Ok. I hadn't noticed the default region was configured for me in ~/.aws/config (and not credentials). If I remove that file then I see a delay even if I have credentials. It appears to be the same basic idea, AWS is attempting to get the region from some EC2 address and, depending on how your network is configured, it may take a long time for it to realize that doesn't work:

[TRACE] 2023-06-13 18:55:34.572 EC2MetadataClient [139814276814784] Getting current region for ec2 instance
[TRACE] 2023-06-13 18:55:34.572 EC2MetadataClient [139814276814784] Retrieving credentials from http://169.254.169.254/latest/meta-data/placement/availability-zone
[TRACE] 2023-06-13 18:55:34.572 CurlHttpClient [139814276814784] Making request to http://169.254.169.254/latest/meta-data/placement/availability-zone
[TRACE] 2023-06-13 18:55:34.572 CurlHttpClient [139814276814784] Including headers:
[TRACE] 2023-06-13 18:55:34.572 CurlHttpClient [139814276814784] host: 169.254.169.254
[TRACE] 2023-06-13 18:55:34.573 CurlHttpClient [139814276814784] user-agent: aws-sdk-cpp/1.10.13 Linux/5.19.0-43-generic x86_64 GCC/10.4.0
[TRACE] 2023-06-13 18:55:34.573 CurlHttpClient [139814276814784] x-aws-ec2-metadata-token: 
[DEBUG] 2023-06-13 18:55:34.573 CurlHandleContainer [139814276814784] Attempting to acquire curl connection.
[INFO] 2023-06-13 18:55:34.573 CurlHandleContainer [139814276814784] Connection has been released. Continuing.
[DEBUG] 2023-06-13 18:55:34.573 CurlHandleContainer [139814276814784] Returning connection handle 0x5615e85f8ff0
[DEBUG] 2023-06-13 18:55:34.573 CurlHttpClient [139814276814784] Obtained connection handle 0x5615e85f8ff0
[DEBUG] 2023-06-13 18:55:34.573 CURL [139814276814784] (Text)   Trying 169.254.169.254:80...

[DEBUG] 2023-06-13 18:55:35.107 CURL [139814276814784] (Text) connect to 169.254.169.254 port 80 failed: No route to host

[DEBUG] 2023-06-13 18:55:35.107 CURL [139814276814784] (Text) Failed to connect to 169.254.169.254 port 80 after 533 ms: Couldn't connect to server

it would be good to tweak the code so errors aren't eaten

Good catch there @amoeba ; I've opened up #36726 to fix this.
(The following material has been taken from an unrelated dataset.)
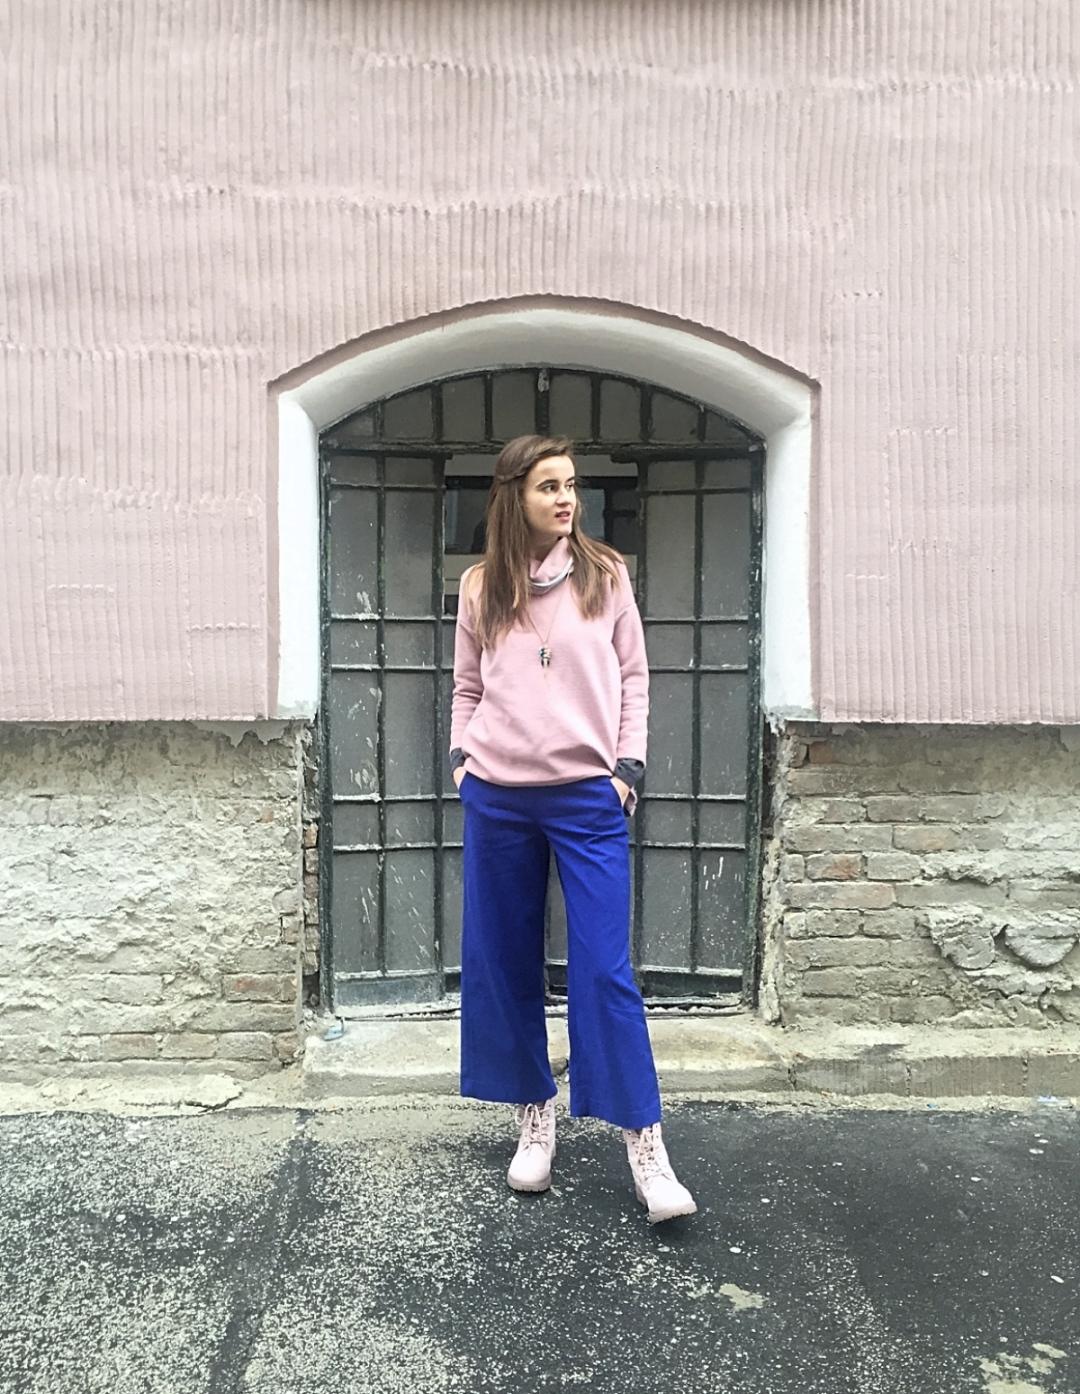 Bratislava fashion districs

Adding ?region did not help as I'm still experiencing timeouts. I'm trying to read a large directory of parquet files but only bring back the one file that matches a particular ID and I'm using arrow to do so.

My S3 URI looks like this s3://archetypetx-bucket1/workflow_data/outputs/pubchem/latest/mcrpc/results_summary?region=us-east-1, but I can see in the shinyapps.io logs that it's not retaining the region parameter. I've also set AWS_DEFAULT_REGION in my .Renviron file. Thank you for any help.

Error in compute.arrow_dplyr_query: IOError: Could not open Parquet input source 'archetypetx-bucket1/workflow_data/outputs/pubchem/latest/mcrpc/results_summary/partition=10/c81b17e8f4e94be19905c47ffee281ca-0.parquet': AWS Error NETWORK_CONNECTION during GetObject operation: curlCode: 28, Timeout was reached

@tcash21 If you haven't yet I'd recommend trying aws.s3::s3read_using() while setting FUN = arrow::read_parquet. I spent a lot of time trying to debug this but arrow for R still proved too unreliable in the cloud because of its region and file path methodology (it'd often timeout and eat error). I've been following this thread hoping for a clean fix, but as of now the aws.s3 has proven more reliable.

@JerePlum99 thank you I'm trying this but does it work with partitioned parquet files? I'm not querying one specific object so it's throwing an error at me. I've resorted to using duckDB for now instead but it's much slower than arrow.

pc <- aws.s3::s3read_using(bucket = base_url, object = "partition*/*.parquet", FUN = arrow::read_parquet)

@tcash21 I'm a bit rusty but aws.s3 isn't extremely well maintained and I don't think it has the more sophisticated partitioning logic available. Sorry this doesn't solve your issue, I can confirm it's not just you and there doesn't appear to be a reliable workaround within the current arrow package version.